Strong tractability: We can build interpretable AGI-level systems without sacrificing too much competitiveness.

Interesting argument! I think my main pushback would be on clarifying exactly what “interpretable” means here. If you mean “we reverse engineer a system so well, and understand it so clearly, that we can use this understanding to build the system from scratch ourselves”, then I find your argument somewhat plausible, but I also think it’s pretty unlikely that we live in that world. My personal definition of strong tractability would be something like “AGI-level systems are made up of interpretable pieces, which correspond to understandable concepts.

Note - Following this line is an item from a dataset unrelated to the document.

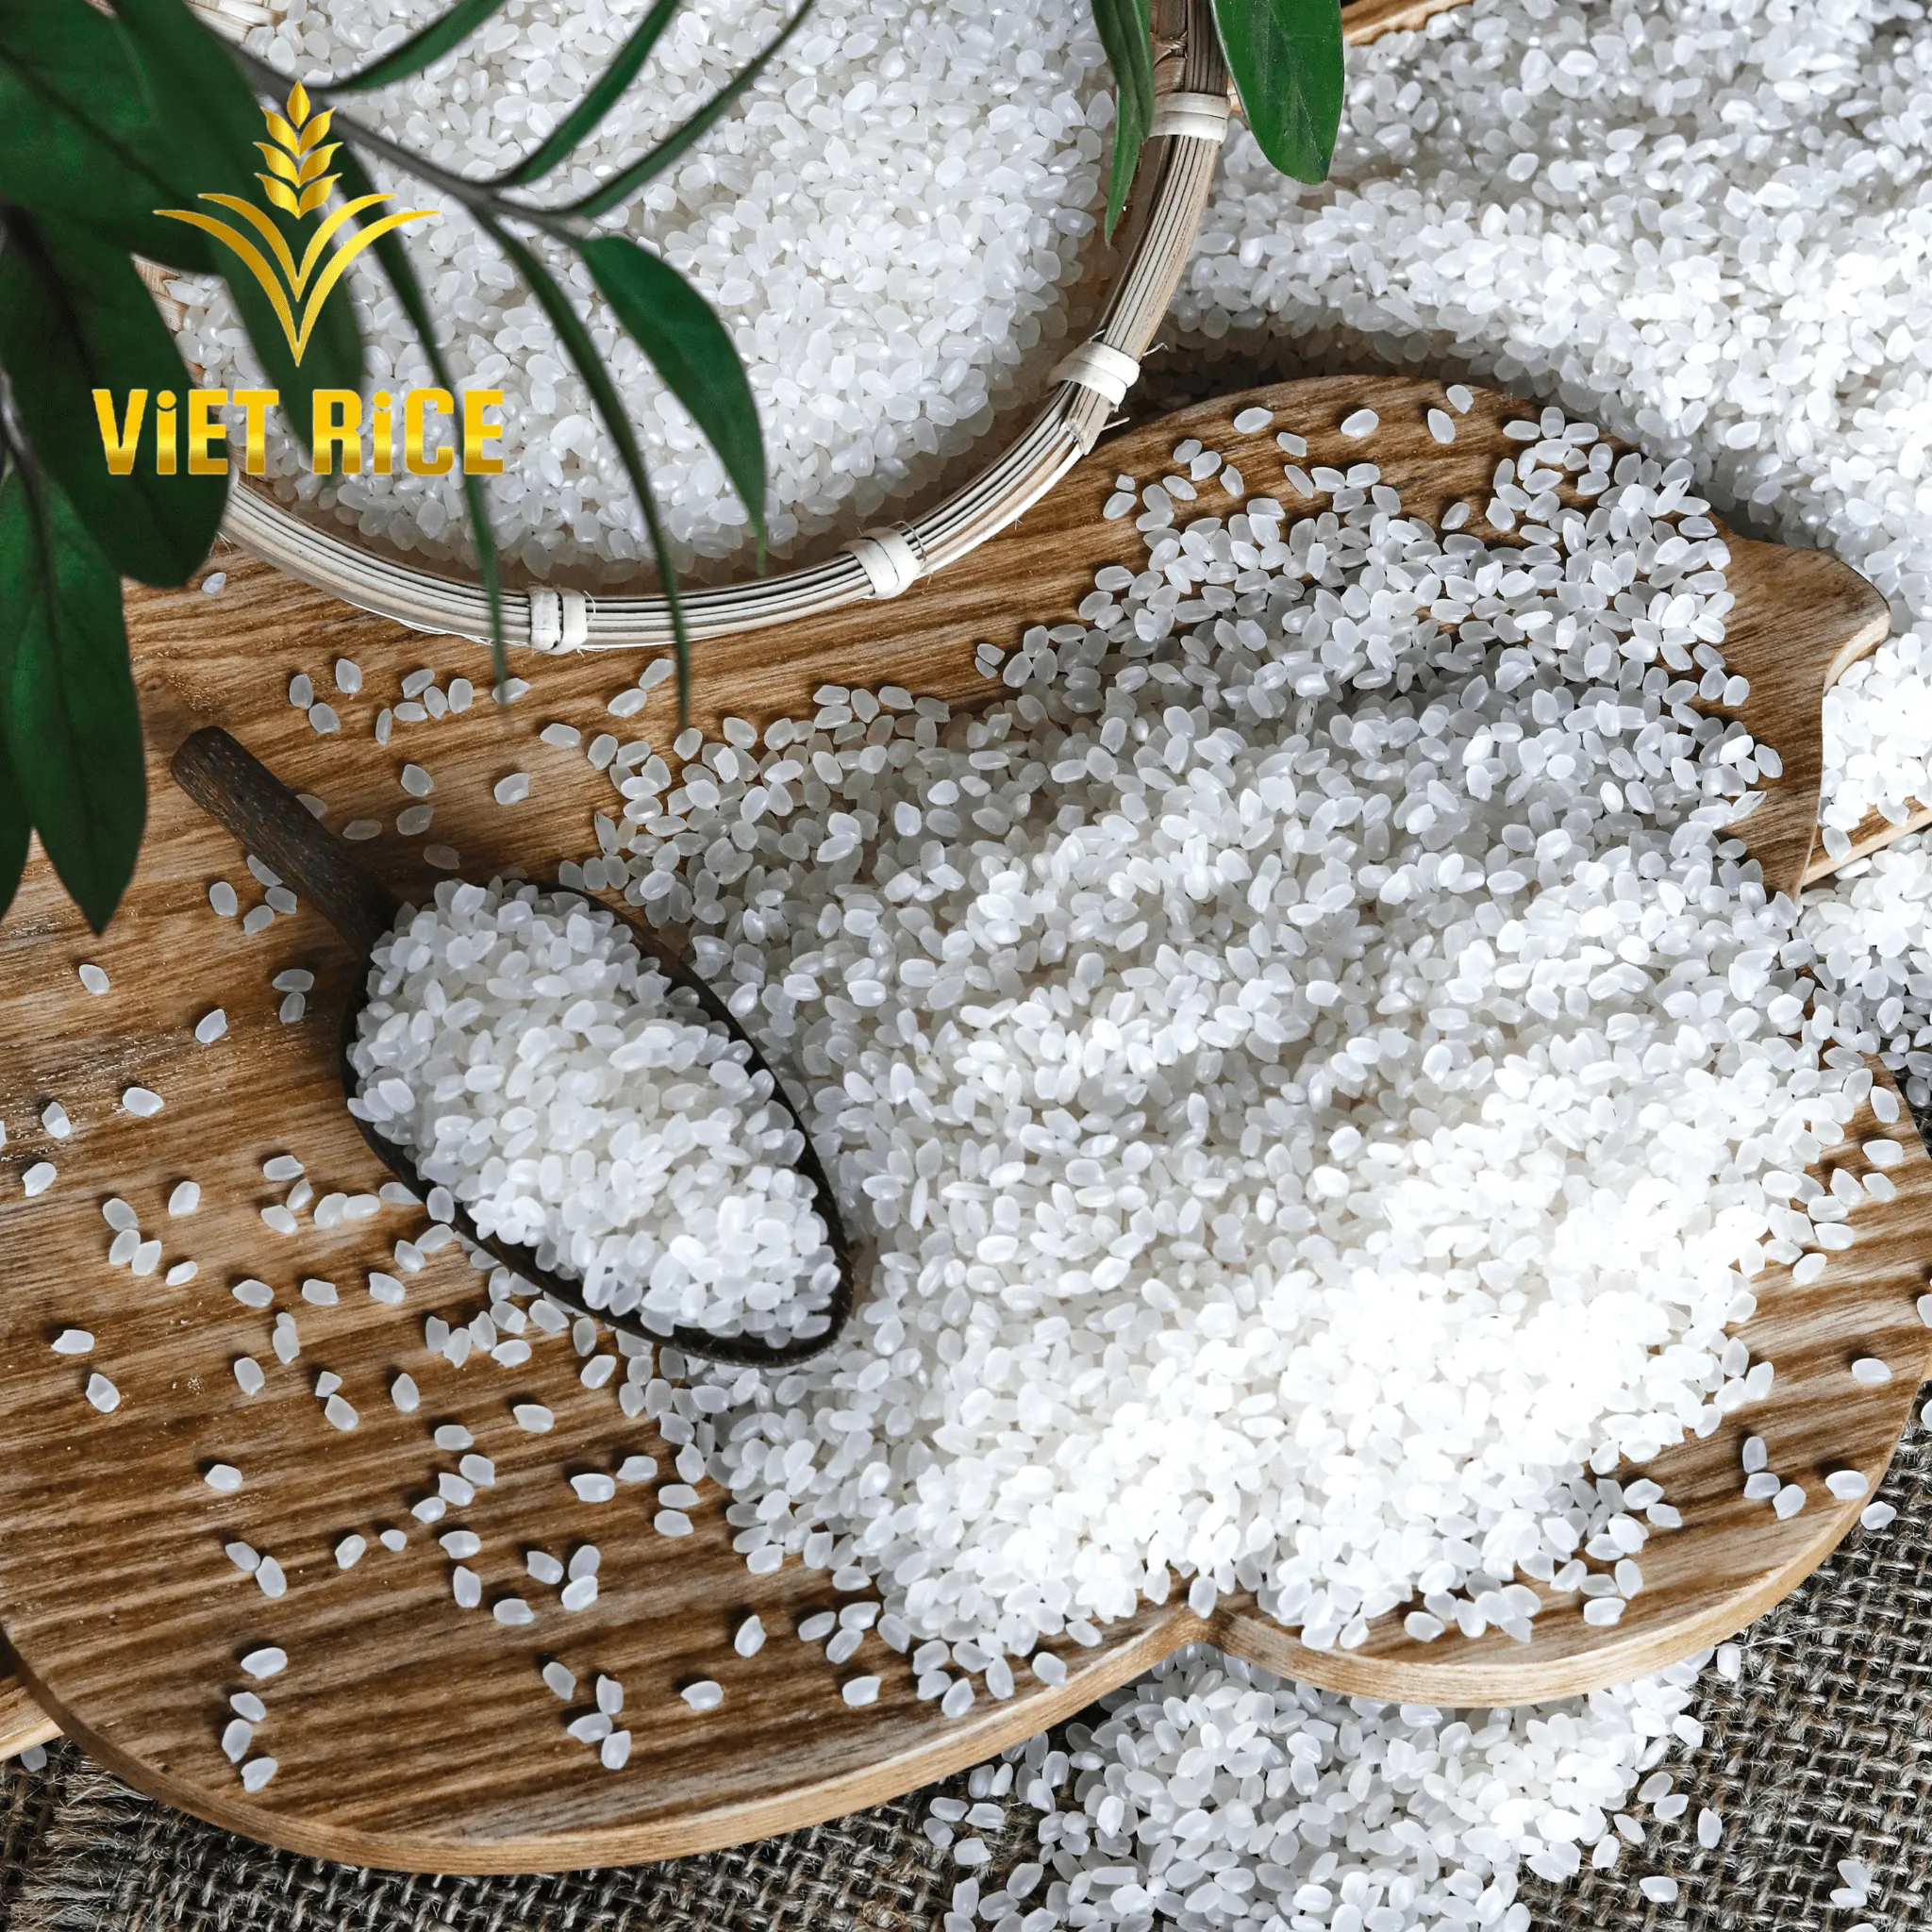 Japonica Trắng 5% tấm gạo chất lượng cao tiêu chuẩn quốc tế với cerfiticate ISO : 9001 và trước hệ thống sản xuất

We can localise any model behaviour to the combination of several of these pieces, and understand the computation by which they fit together to produce that behaviour”. I think this still seems pretty hard, and probably not true! And that if true, this would be a massive win for alignment. But in this world, I still think it’s reasonable to expect us to still be unable to define and figure out how to assemble these pieces ourselves—there’s likely to be a lot of complexity and subtlety in exactly what pieces form and why, how they’re connected together, etc. Which seems much more easily done by a big blob of compute style approach than by human engineering.
What links here?
- Aaron_Scher's comment on “Cars and Elephants”: a handwavy argument/analogy against mechanistic interpretability by David Scott Krueger (formerly: capybaralet) (8 Nov 2022 18:45 UTC; 3 points)
- David Scott Krueger (formerly: capybaralet) 31 Oct 2022 22:25 UTC
  LW: 2 AF: 1
  0
  AF Parent
  I agree it’s a spectrum. I would put it this way:
  - For any point on the spectrum there is some difficulty in achieving it.
  - We can approach that point from either direction, 1) starting with a “big blob of compute” and encountering the difficulty in extracting these pieces from the blob, or 2) starting with assembling the pieces, and encountering the difficulty in figuring out how to assemble them.
  - It’s not at all clear that (1) would be easier than (2).
  - Probably it’s best to do some of both.
  Regarding difficulty of (1) vs. (2), OTMH, there may be some sort of complexity-style argument that engineering, say, a circuit is harder than recognizing it. However, the DNN doesn’t produce the circuit, we still need to do that using interpretability techniques. So I’m not sure how I feel about this argument.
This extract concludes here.